Науша принесла хлеба, еще горячего, и Улпан, словно приехала из краев, где голодают, принялась уплетать его, макая в посоленное сливочное масло. Масло подтаивало, и круглый подбородок у нее блестел. Сидя на кошме, боком к постели Шынар, Улпан ела с непривычной для нее жадностью и блаженно урчала, когда на зуб попадались крошки березовых углей, прилипших к хлебной корке. Казалось даже, не хлеб ей нужен, а уголь, соль, которая пропитала масло. Она собирала в ладонь попавшие на дастархан угольные крошки, бросала в рот: «М-м-м-м-м-м…»
– Ты с такой жадностью ешь хлеб… Родишь не одного… – родишь двух сыновей! – засмеялась Шынар.
– Я боялась… Как бы дочка белой верблюдицы, твой подарок, не родила раньше меня! Ей уже три года, начинает, сукина дочь, крутить хвостом. Шынар, а чего тебе хотелось, когда ждала?..
– Да ничего, глупость…
– Нет, скажи!
– Ну, мне хотелось, все время, пожевать волосы с загривка верблюда – буры.
– Теперь понятно, почему у твоего сына такая большая голова! С котел! Оказывается, он в буру пошел. Дай-ка мне твое полотенце. Жарко…
– За тобой висит чистое. Возьми сама.
– Нет, я и рукой не хочу шевельнуть. Кинь…

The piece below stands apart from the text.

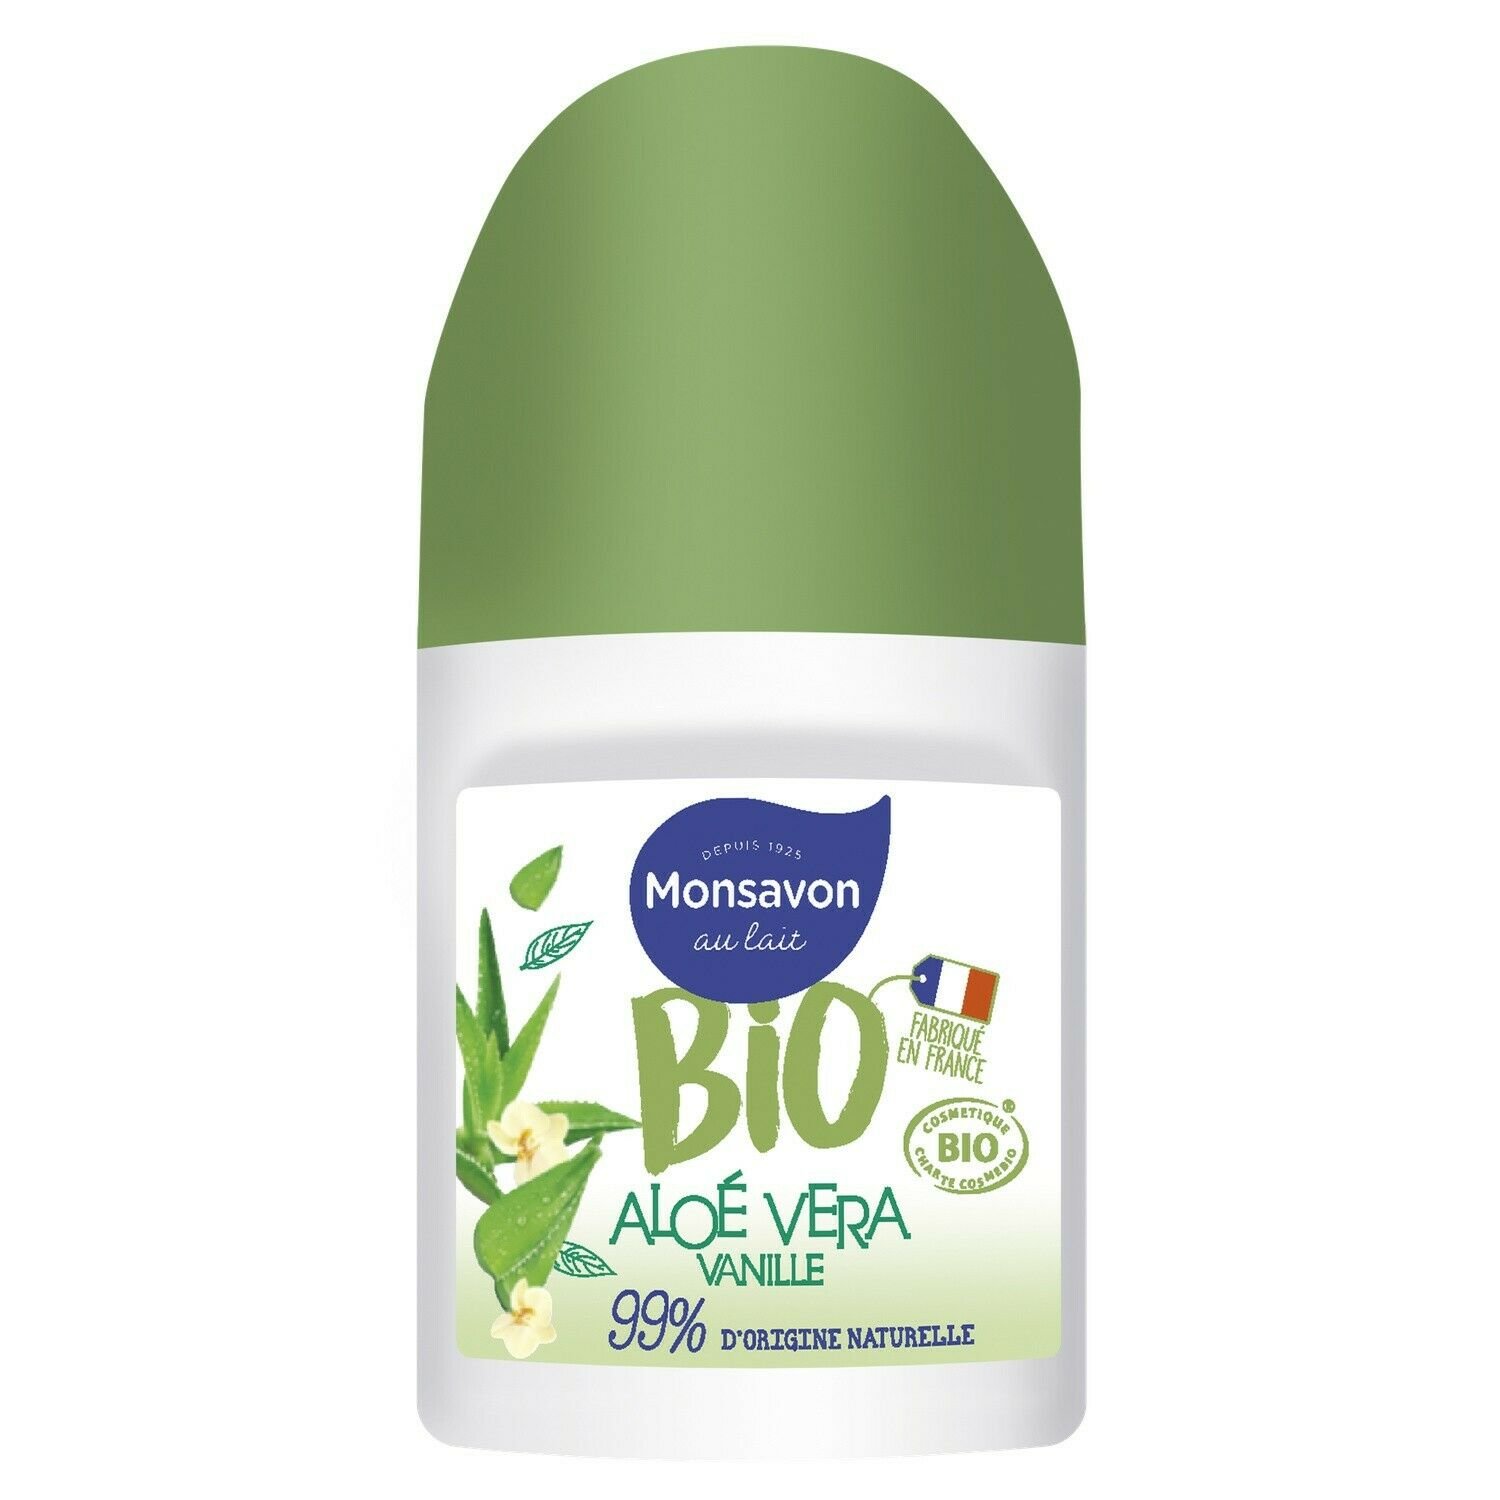 lot 3 MONSAVON roll on organic aloe vera vanilla deodorant roll on 50 ml

Шынар еще не вставала – акушерка не разрешила, велела неделю лежать. Голову она перевязала сатиновым желтым платком. Улпан смотрела на нее, и что-то новое замечала в знакомом, в близком лице. Покой… Сознание, что на всей земле нет другой женщины, у которой исполнились бы все мечты, сбылись все надежды. Она еще красивее стала, эта Шынар! Но ничего, недалек тот день, когда ее, Улпан, ждет то же самое.
Малыш спал и самодовольно посапывал во сне, как будто это он сам, по своей воле, настежь распахнул дверь и ворвался в беспокойный мир, который, правда, пока ограничивался мягкой постелью и материнской грудью, налитой молоком. Шынар хвалила сына – что его и будить не надо, грудь он берет и во сне.
– Киндик-шеше у бедняги большая обжора, – добавила она. – Думаю, он пойдет в нее.
А киндик-шеше, доедая печеный хлеб, возмутилась:
– Лежала бы спокойно! Куска хлеба жалко?
– Не жалко, но я боюсь, – в неурожайный год ты быстренько умнешь запас целого аула.
Две девушки – Гаухар и Бикен, те самые, что когда-то так слаженно пели на алты-бакане, жили в доме Мусрепа с того дня, как Шынар родила. Без их помощи не управиться бы с обслуживанием многочисленных гостей, поток которых не иссякал. Вот и сейчас они приготовили чай и зашли позвать Улпан, но в дверях раздался голос Есенея:
– Эта лачуга и есть жилье Мусрепа? Хвастун! Говорил – не у всякого хана есть такой дворец!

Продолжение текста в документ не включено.